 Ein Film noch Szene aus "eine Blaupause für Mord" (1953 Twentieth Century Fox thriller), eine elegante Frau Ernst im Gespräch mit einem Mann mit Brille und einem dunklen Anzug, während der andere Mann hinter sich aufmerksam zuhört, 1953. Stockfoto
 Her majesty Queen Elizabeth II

...

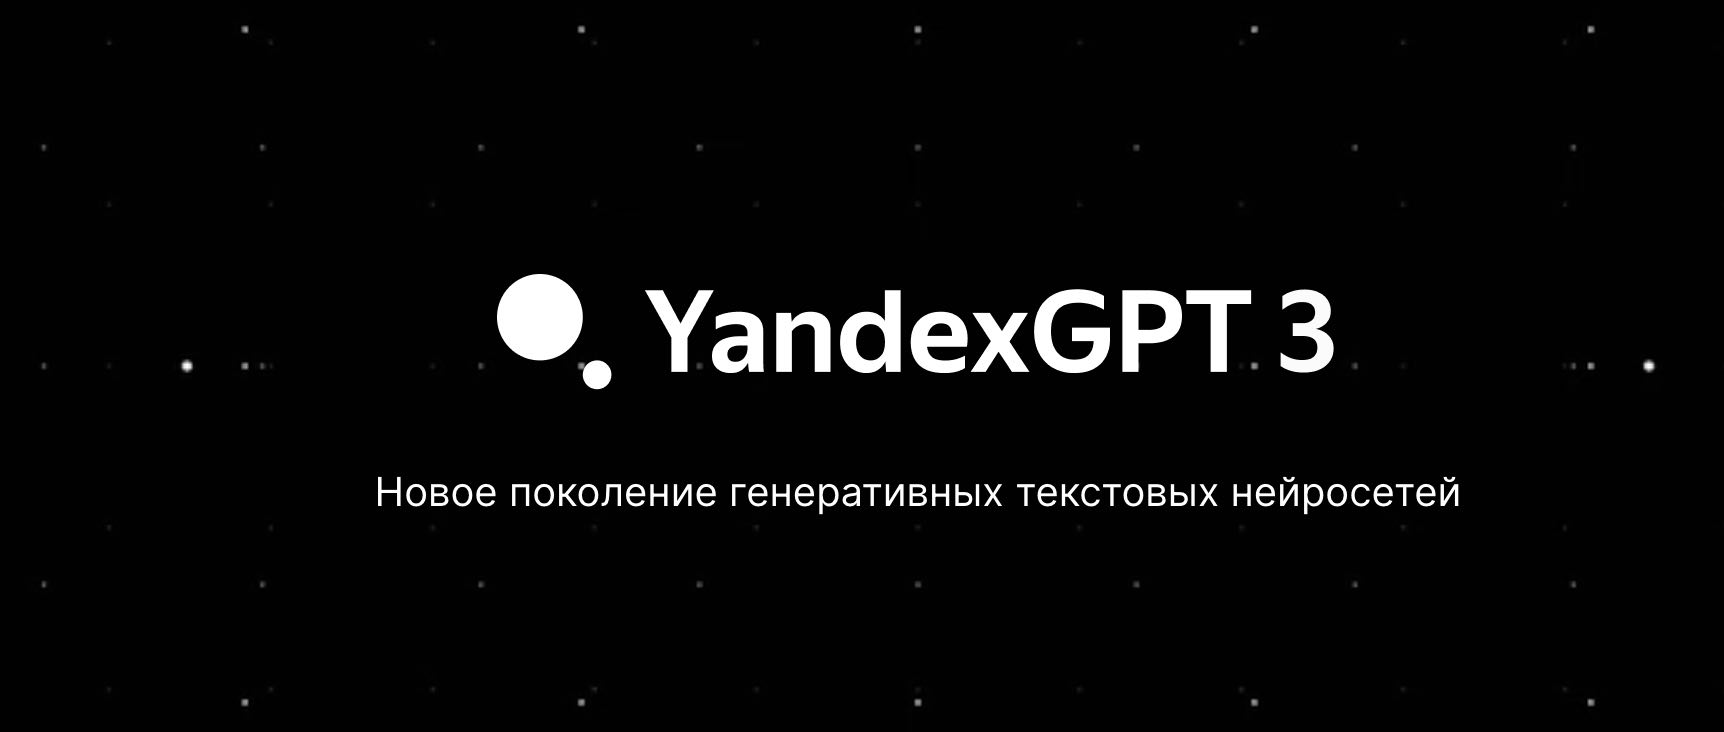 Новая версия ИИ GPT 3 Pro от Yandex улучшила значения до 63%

** Directions for this task **
Retype the records above, but only those lines that fall between the line containing "Ein Film noch" and the line containing "Her majesty Queen Elizabeth II", with both of those lines included, exactly as written.

** Response for this exercise **
 Ein Film noch Szene aus "eine Blaupause für Mord" (1953 Twentieth Century Fox thriller), eine elegante Frau Ernst im Gespräch mit einem Mann mit Brille und einem dunklen Anzug, während der andere Mann hinter sich aufmerksam zuhört, 1953. Stockfoto
 Her majesty Queen Elizabeth II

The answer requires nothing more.